Another useful feature of GPS-enabled drones is geo-fencing. A geo-fence is a virtual perimeter you define using GPS coordinates. You can set it to either prevent your machine from leaving the perimeter, or to notify you via text or e-mail if it leaves. You could even set up a geo-fence perimeter around your home, so you'll know if a child or other family member tries to take your drone out for an unapproved flight.
If you are an aerial photographer, you'll definitely appreciate how GPS can help you take better photos and video. With a GPS-enabled drone, you can instruct it to hold steady in its current coordinates, allowing you to focus on camera work instead of splitting some of your attention to piloting.
What To Know Before You Take Off
If you payed attention to any of the news regarding drone piloting in 2015 and 2016, you may have learned that the FAA created a rule that required any drone operator to register their machine before flying it in an open space. Later on, a federal judge ruled that the FAA overstepped their bounds, stating that drones fall under the jurisdiction of the Special Rule for Model Aircraft. In the end of 2017, this decision was again overturned, requiring operators to once again register any drones weighing over 0.55 pounds, even if they are only flown for recreational purposes. Since drone piloting laws seem to be constantly changing at the moment, it is best to double check with the FAA regarding which are currently in effect before taking your new drone out for its inaugural flight.
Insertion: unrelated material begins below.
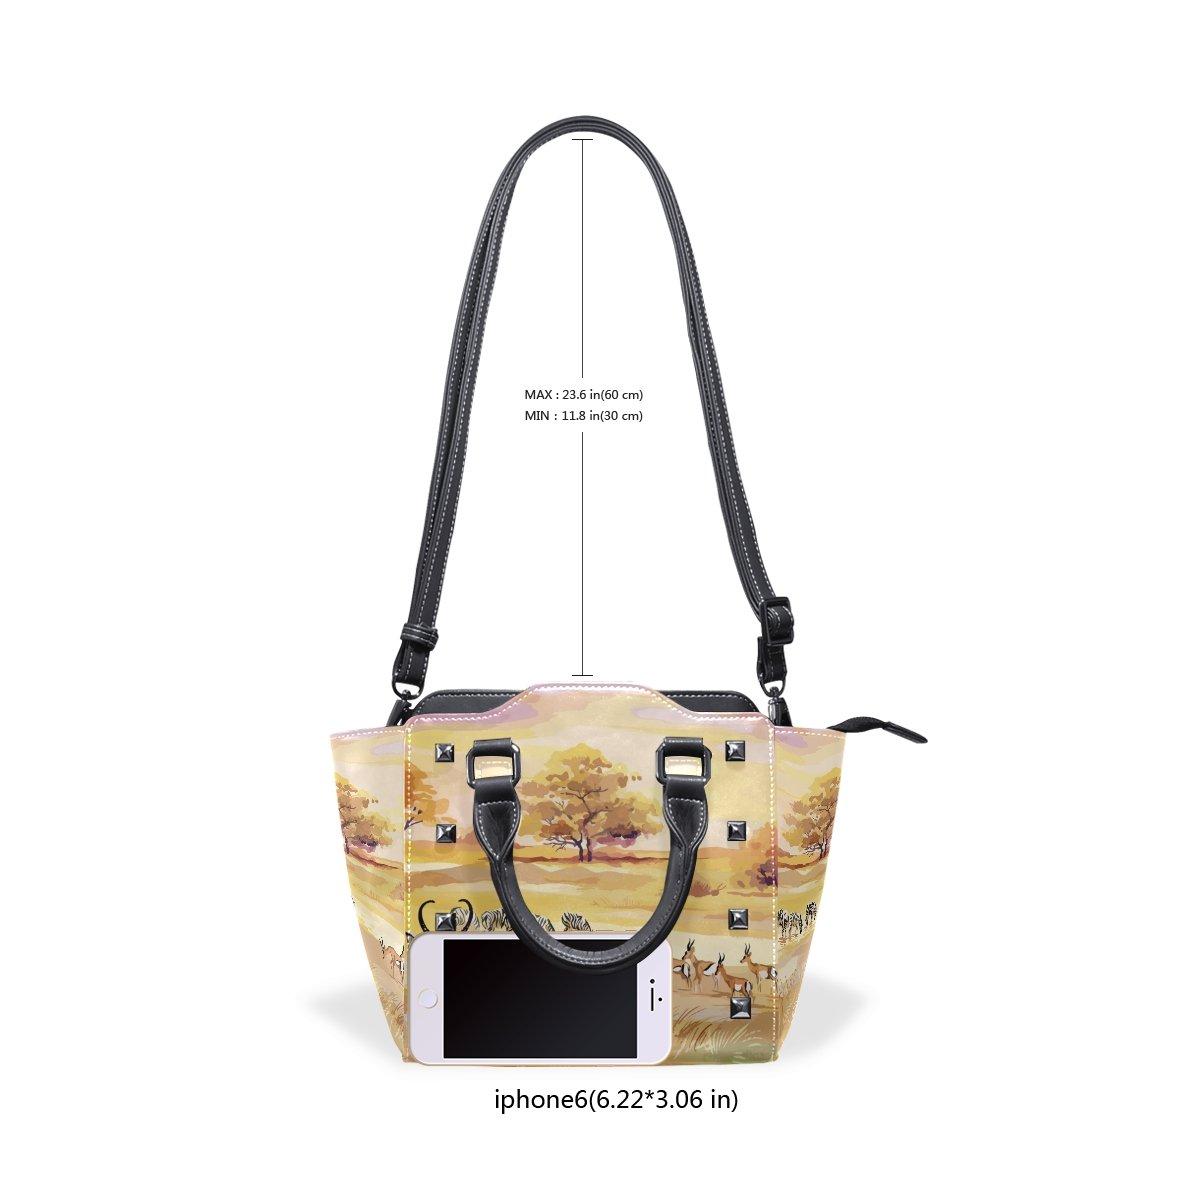 imobaby Antelope Zebra PU Leather Girls Top-Handle Handbags Single-Shoulder Ladies Tote Crossbody Bag Messenger Bags For Women
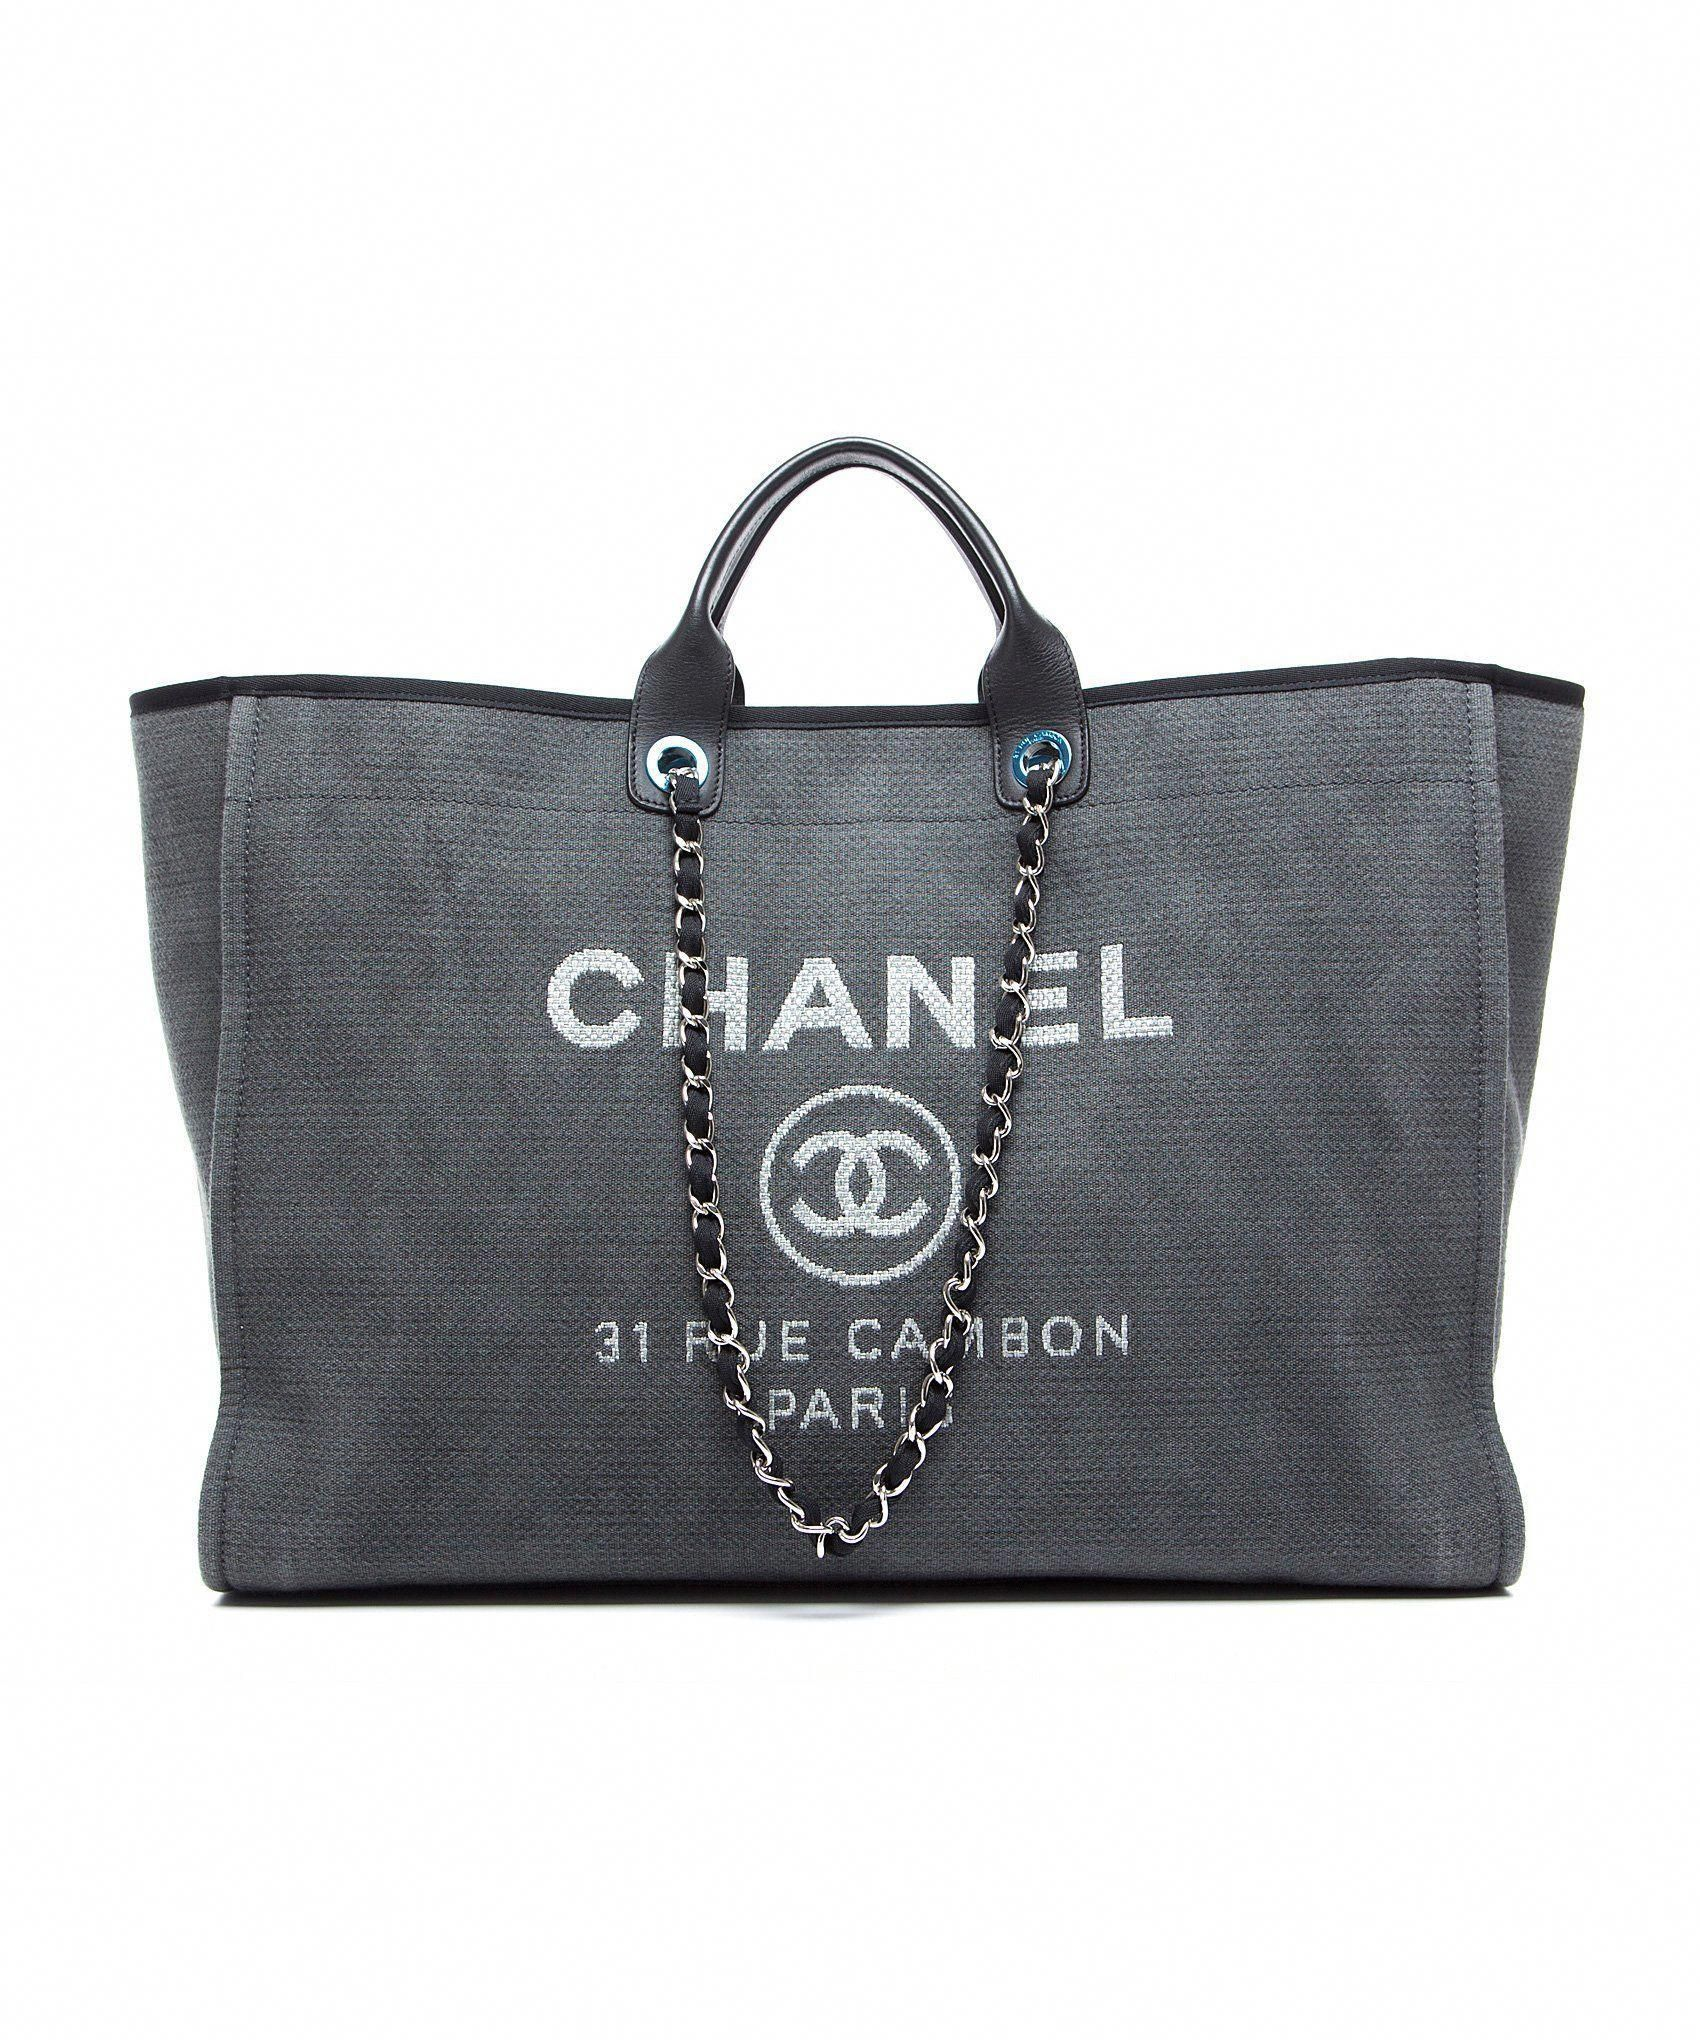 071b25b31e01 NEW 2016 Chanel Deauville Grey Canvas Black Trim Grand Shopper Large Tote  Bag

Whether registration laws are currently in effect or not, there are still some safety guidelines set forth by the FAA that have always remained unchanged. Drones, and all unmanned flying devices for that matter, must always give way to manned aircraft. Pilots must also keep them below 400 feet in elevation. Users cannot fly drones over large groups of people, sporting events, or in the vicinity of emergency response teams. They must be kept within sight of the naked eye, and cannot be flown while the operator is intoxicated. Flying within five miles of an airport is illegal, unless prior permission has been granted by an air traffic control official at said airport.